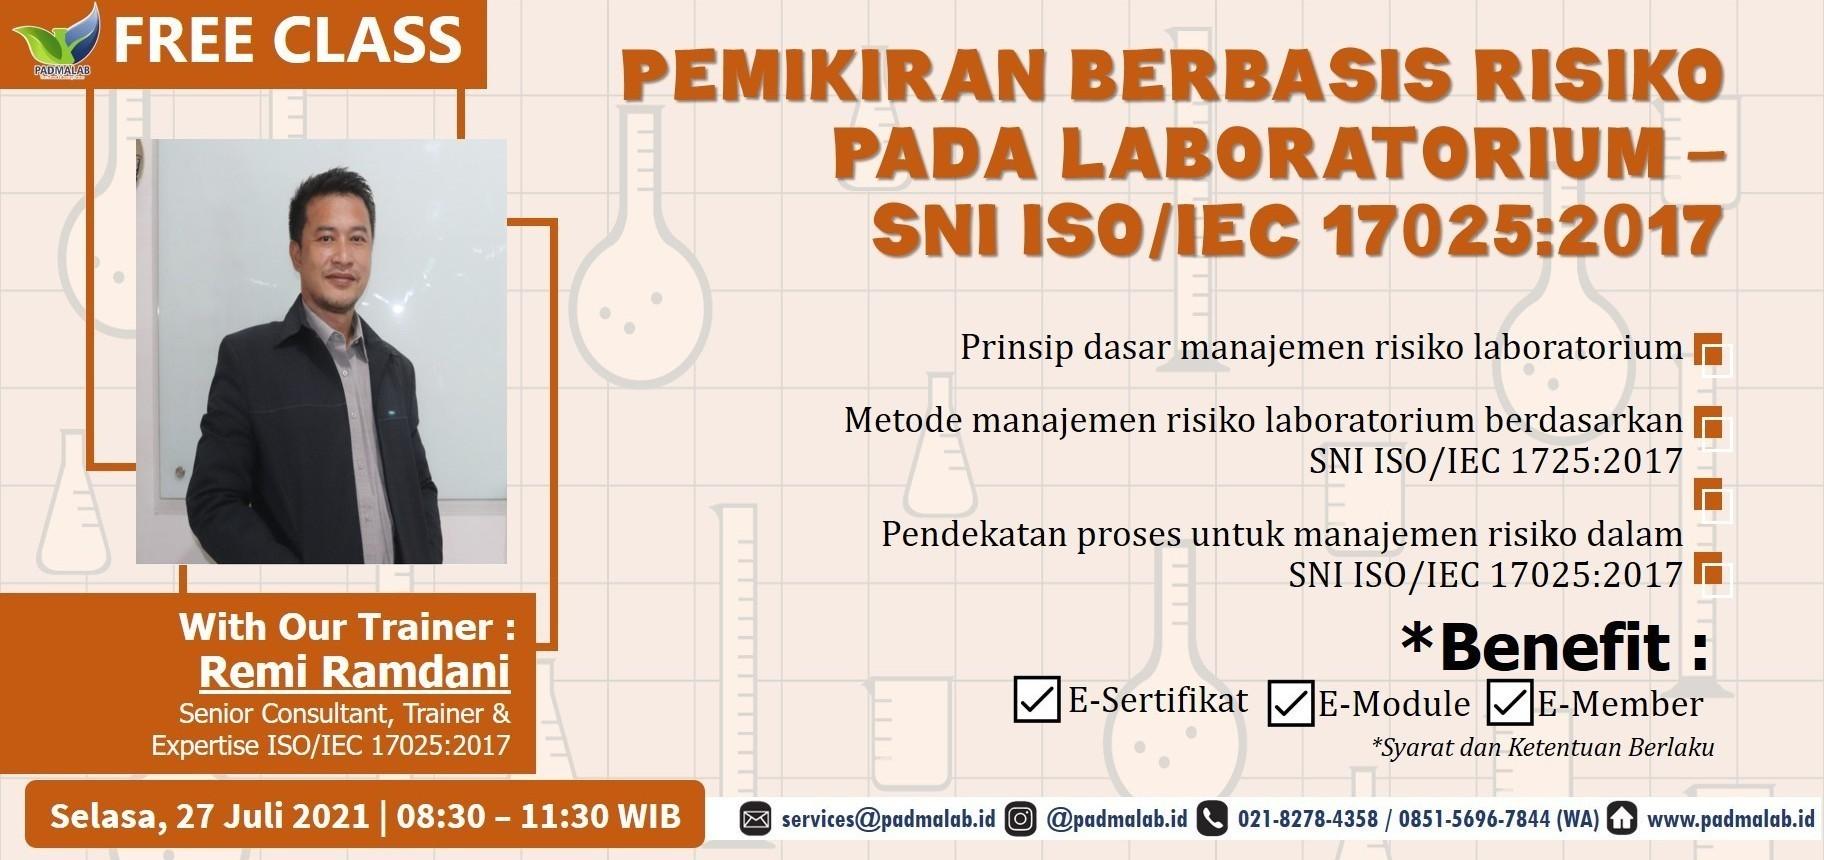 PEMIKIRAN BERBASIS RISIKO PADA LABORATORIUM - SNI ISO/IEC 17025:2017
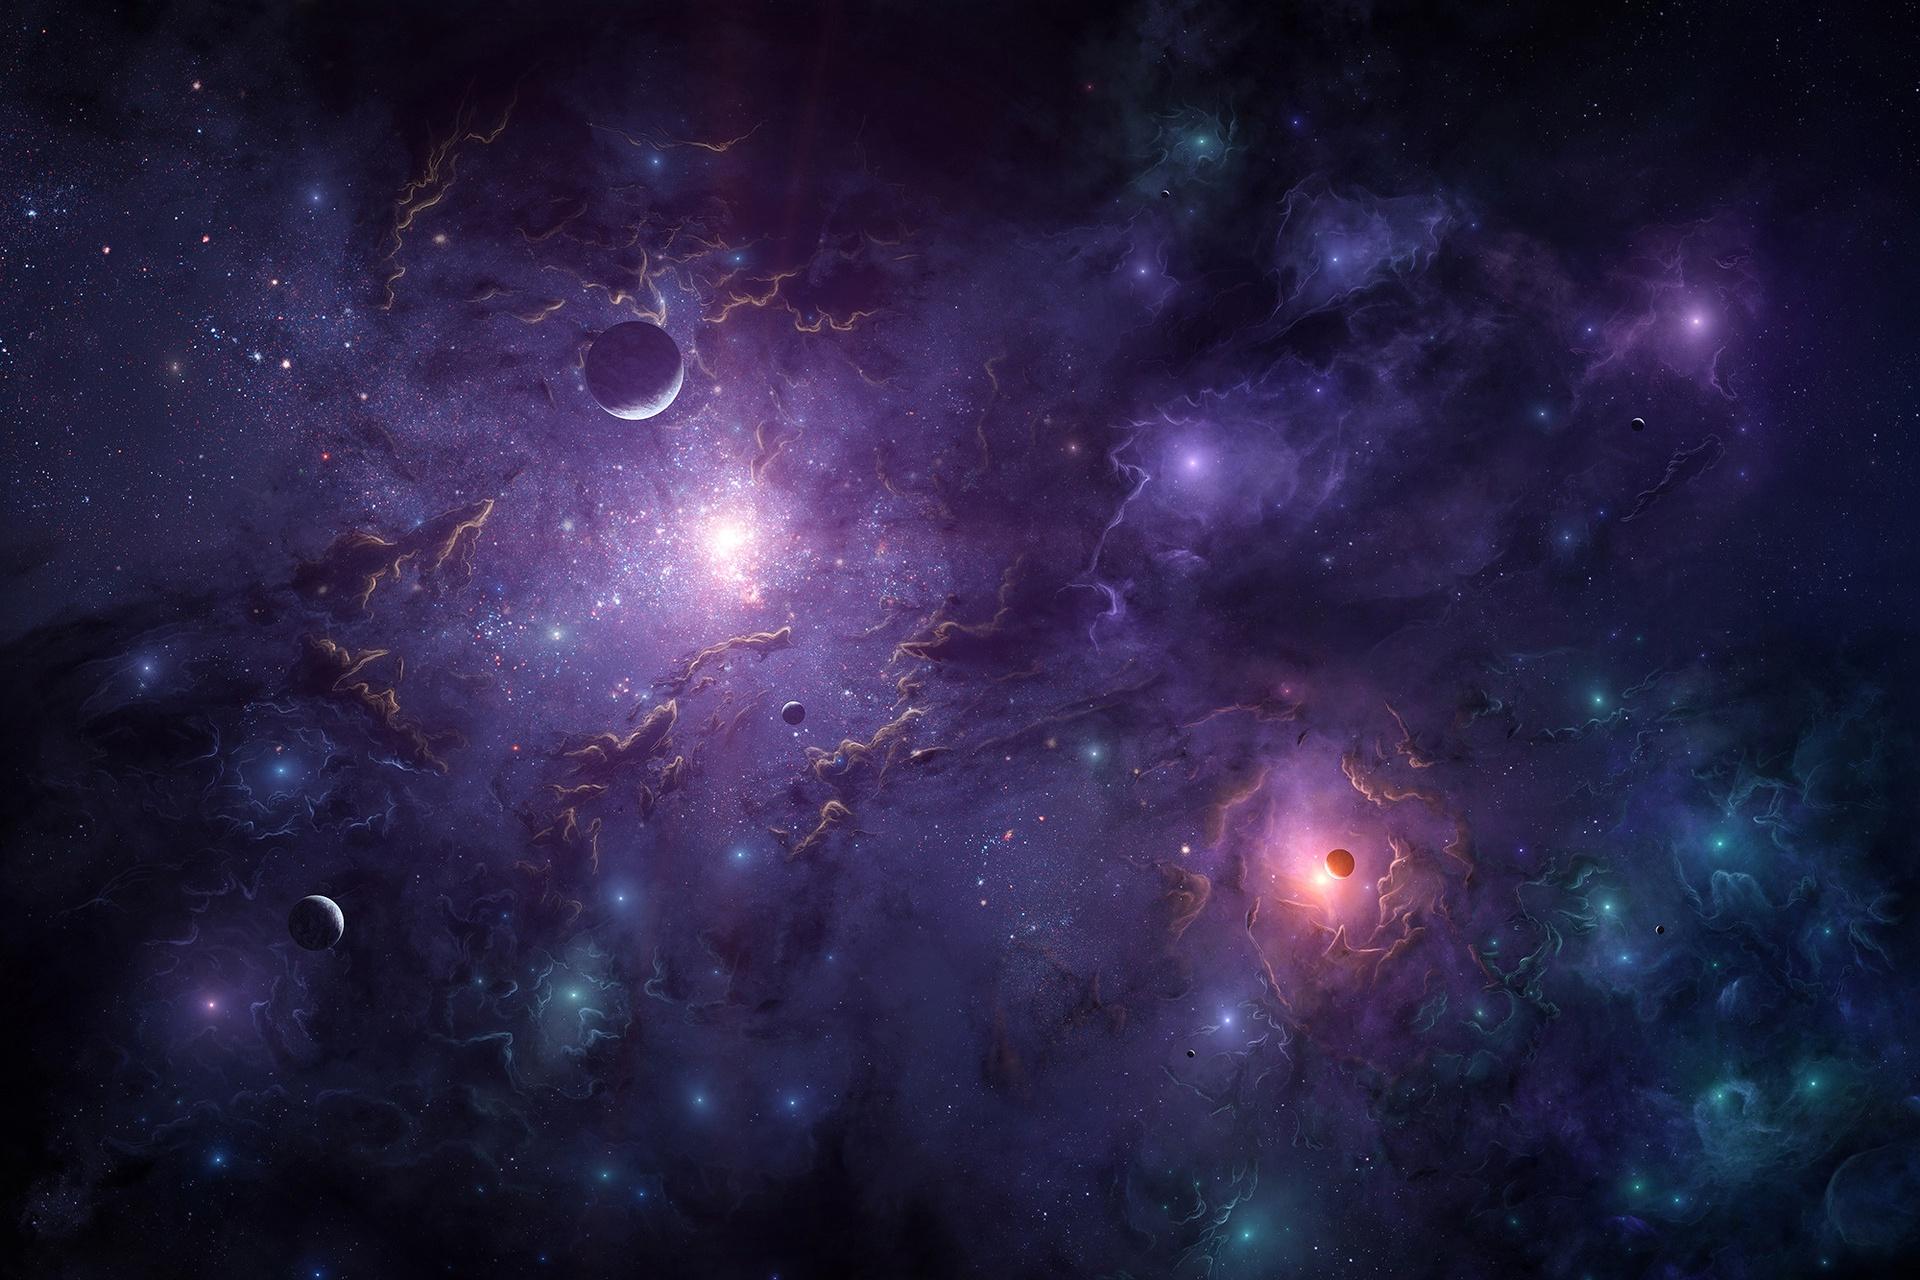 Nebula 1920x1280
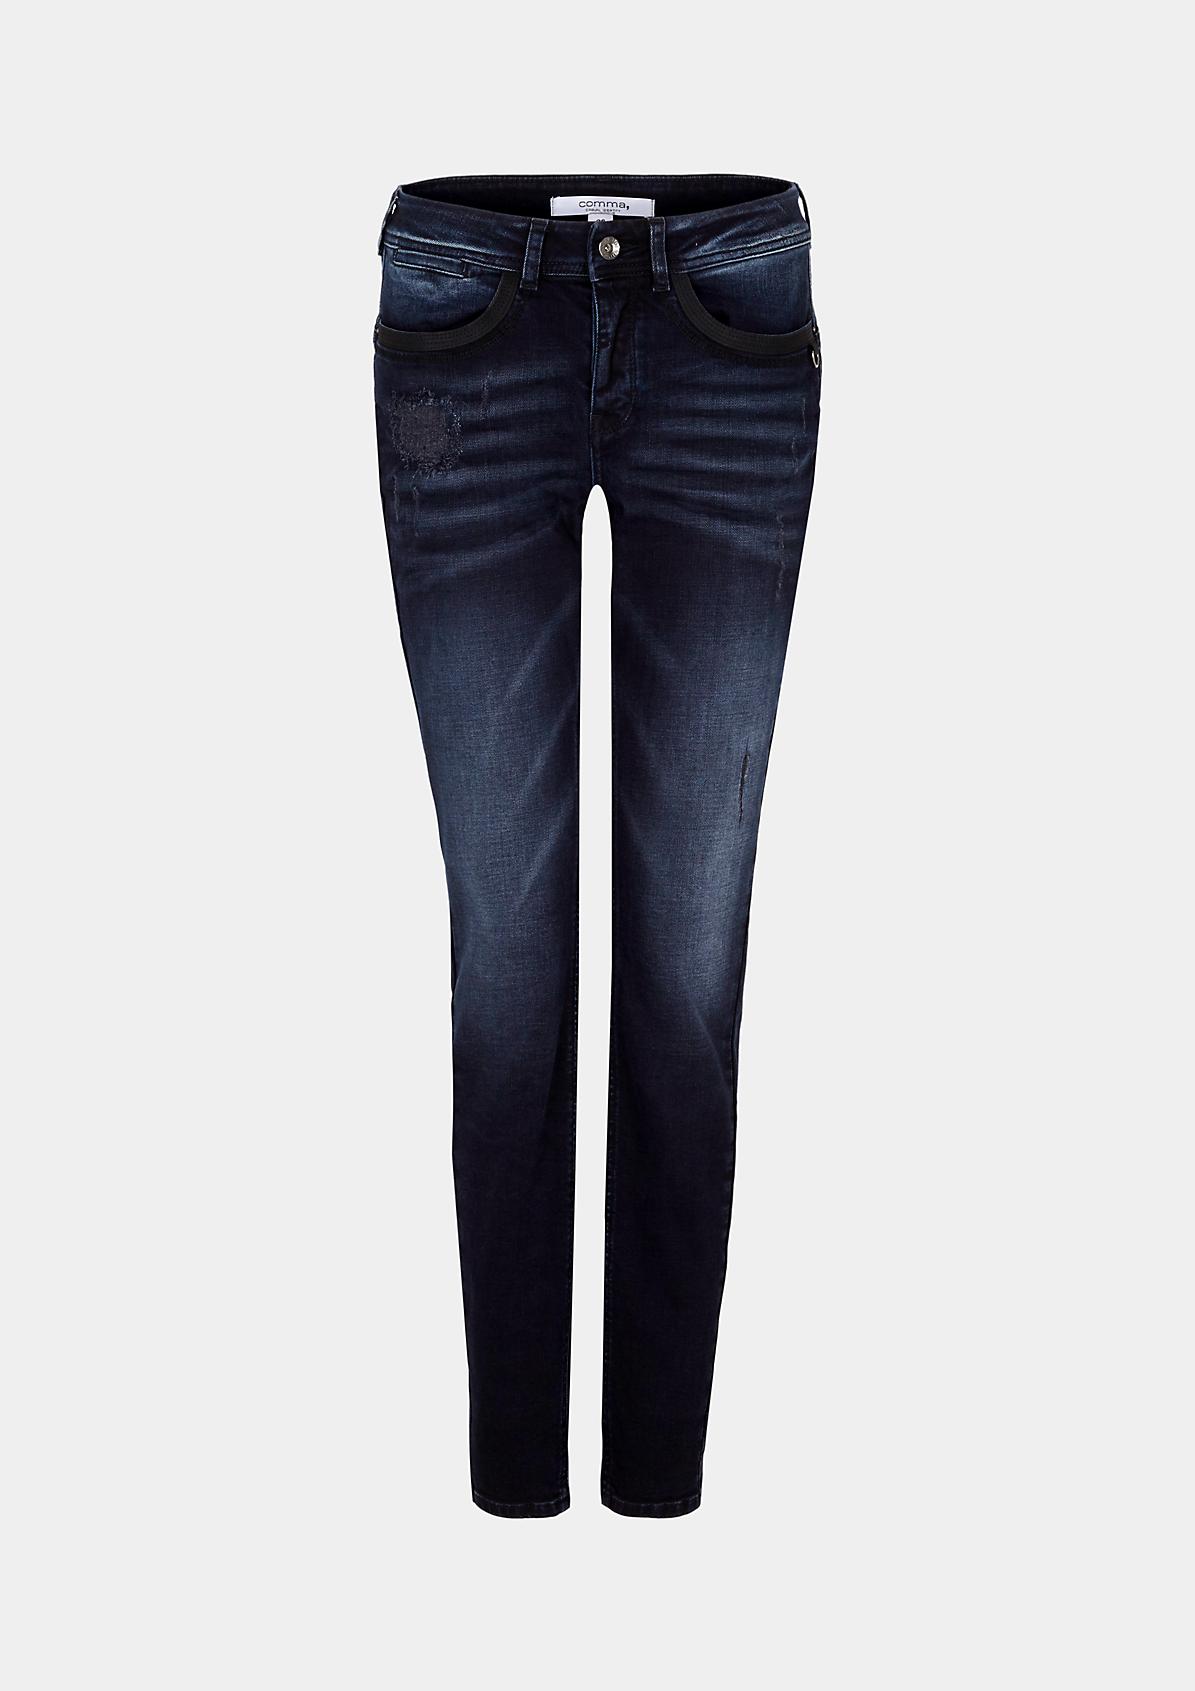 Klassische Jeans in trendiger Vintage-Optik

Problem details -
The required output is each line above restated verbatim, with all images omitted.

Finished task -
 PEMIKIRAN BERBASIS RISIKO PADA LABORATORIUM - SNI ISO/IEC 17025:2017
 Nebula 1920x1280
 Klassische Jeans in trendiger Vintage-Optik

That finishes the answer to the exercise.